§ **Data under study**
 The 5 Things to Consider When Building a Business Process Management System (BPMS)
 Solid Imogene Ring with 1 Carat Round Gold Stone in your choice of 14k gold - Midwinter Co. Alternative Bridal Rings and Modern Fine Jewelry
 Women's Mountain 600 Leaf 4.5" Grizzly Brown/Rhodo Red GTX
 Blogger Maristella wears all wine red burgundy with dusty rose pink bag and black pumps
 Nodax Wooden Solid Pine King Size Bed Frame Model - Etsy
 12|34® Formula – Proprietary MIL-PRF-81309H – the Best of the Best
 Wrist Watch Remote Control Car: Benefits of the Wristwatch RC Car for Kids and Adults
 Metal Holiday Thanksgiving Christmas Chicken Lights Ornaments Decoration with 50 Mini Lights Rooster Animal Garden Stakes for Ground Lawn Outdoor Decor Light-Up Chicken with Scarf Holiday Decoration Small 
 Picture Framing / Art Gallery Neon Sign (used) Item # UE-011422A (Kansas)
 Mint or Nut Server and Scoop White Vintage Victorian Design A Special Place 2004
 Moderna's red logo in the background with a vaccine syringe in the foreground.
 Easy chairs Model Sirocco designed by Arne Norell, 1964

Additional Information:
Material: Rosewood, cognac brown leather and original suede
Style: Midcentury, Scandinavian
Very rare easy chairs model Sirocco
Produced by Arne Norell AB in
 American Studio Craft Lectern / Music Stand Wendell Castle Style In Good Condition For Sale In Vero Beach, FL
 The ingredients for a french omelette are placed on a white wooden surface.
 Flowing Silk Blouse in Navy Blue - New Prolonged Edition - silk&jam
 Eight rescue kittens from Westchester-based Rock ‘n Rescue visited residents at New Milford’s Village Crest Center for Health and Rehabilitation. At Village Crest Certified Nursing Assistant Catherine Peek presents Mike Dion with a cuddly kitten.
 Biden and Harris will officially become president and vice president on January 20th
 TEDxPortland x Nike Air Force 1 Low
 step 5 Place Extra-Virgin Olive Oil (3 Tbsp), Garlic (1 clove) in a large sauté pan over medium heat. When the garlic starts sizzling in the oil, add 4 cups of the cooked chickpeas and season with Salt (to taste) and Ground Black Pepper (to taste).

§ **Work request**
Where a line of the records has the string "Style", return that line.

§ **Exercise response**
Style: Midcentury, Scandinavian
 American Studio Craft Lectern / Music Stand Wendell Castle Style In Good Condition For Sale In Vero Beach, FL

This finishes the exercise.